Stock market today: Dow, S&P 500, Nasdaq futures climb as strong bank earnings, rate-cut hopes soothe US-China jitters

US stock futures rose on Wednesday amid hopes for interest-rate cuts, with more Wall Street banks posting strong results in a promising start to earnings season.

Dow Jones Industrial Average futures (YM=F) moved up roughly 065%, following a rocky session on Tuesday for markets. Meanwhile, contracts on the S&P 500 (ES=F) and tech-heavy Nasdaq 100 (NQ=F) added 0.8% and 1%, respectively

A solid start to earnings season is buoying market spirits in the face of US-China trade friction and a US government shutdown with no end in sight.

Before the bell, Bank of America (BAC) posted a 23% jump in profit, becoming the latest big US bank to benefit from this summer's bonanza of big deals on Wall Street. Morgan Stanley (MS) saw its profits surge 45% in what its CEO hailed as an "outstanding" quarter.

Reports from PNC Financial (PNC) and Abbott Laboratories (ABT) also highlighted the morning docket. Earlier, surprise beats from ASML (ASML, ASML.AS) and LVMH (MC.PA, LVMUY) helped lift those stocks.
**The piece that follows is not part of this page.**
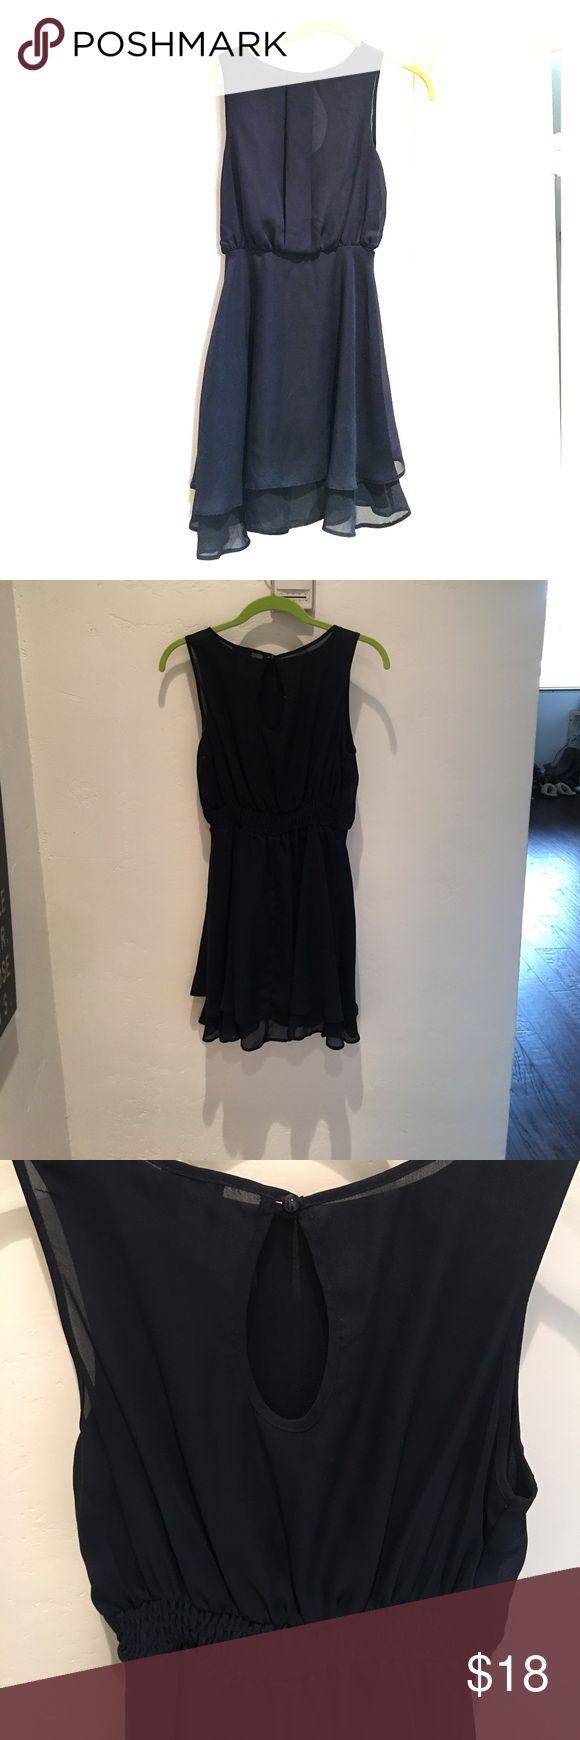 ASOS | Navy Chiffon Dress Beautiful navy chiffon dress. Great for any occasion. 34 inches long falls above the knee. ASOS Dresses Midi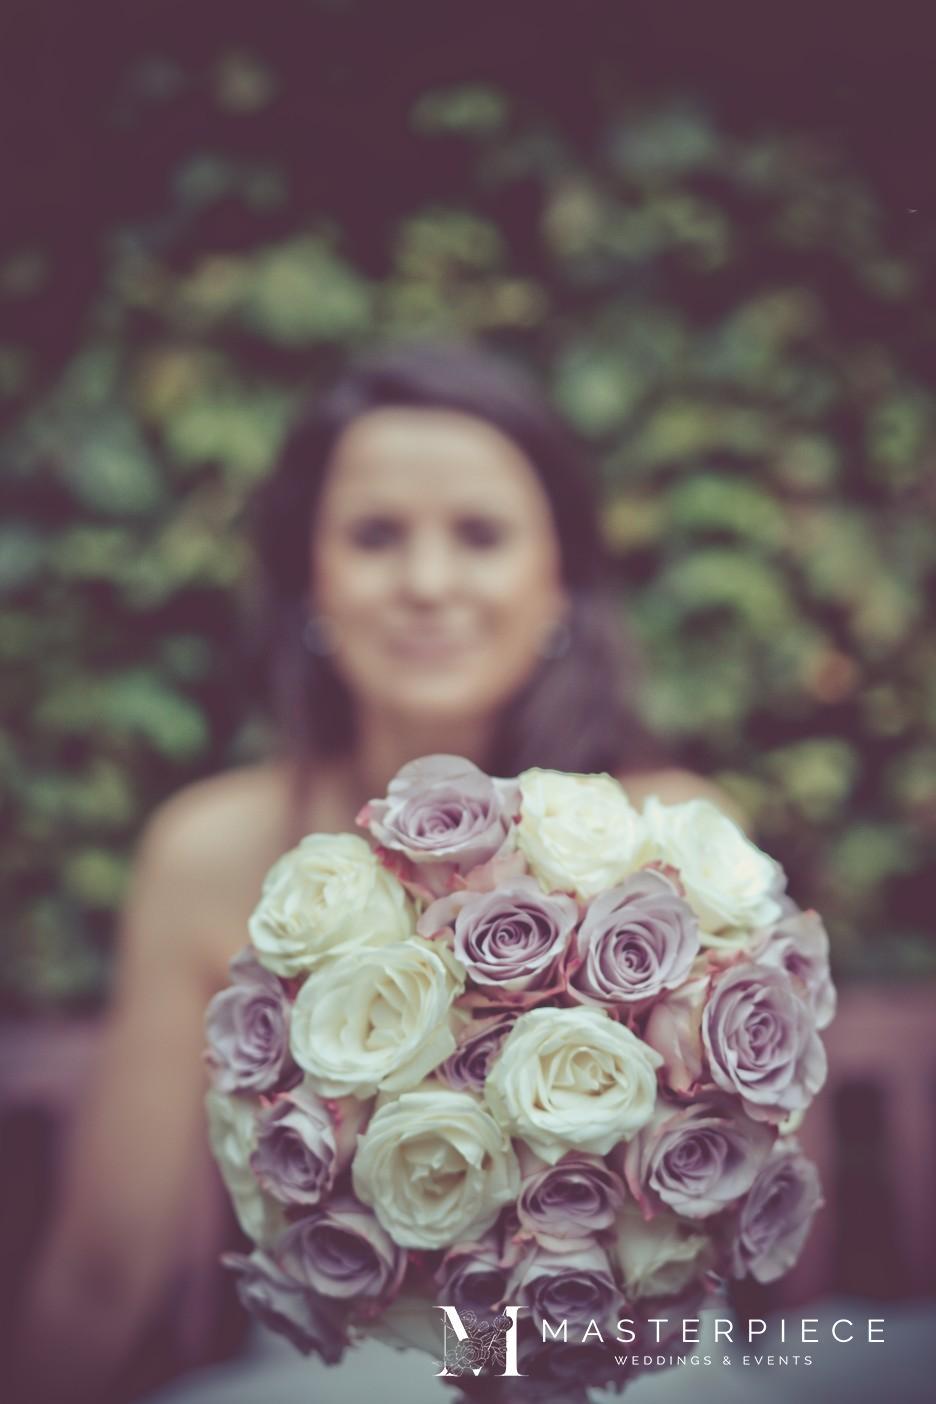 Masterpiece_Weddings_sluby_018

Meanwhile, comments from Jerome Powell also provided a boost. The Federal Reserve Chair said Wednesday that "downside risks to employment appear to have risen," implying more rate cuts are on the cards. Investors closely scrutinized Powell's remarks, given the current lack of insight into the economy as the federal stoppage delays the release of key data.

Investors have cemented bets on a rate cut later this month, and odds of a rate cut in December have jumped in recent days to around 95%.

The US-China trade tensions that have unsettled markets continued to bubble, after President Trump said he was considering an embargo on cooking oil from China in response to its cut in purchases of US soybeans. The threat follows China's fresh sanctions on five US subsidiaries of South Korean shipbuilder Hanwha.

At the same time, the Trump administration is preparing for the government shutdown to drag on. A list of federal programs earmarked for cuts is expected this week, and the White House budget office is scrambling to find ways to pay military members and law enforcement.

Nvidia (NVDA) shares rose 2% premarket on Wednesday as HSBC (HSBC) analyst Frank Lee upgraded the stock to Buy from Hold.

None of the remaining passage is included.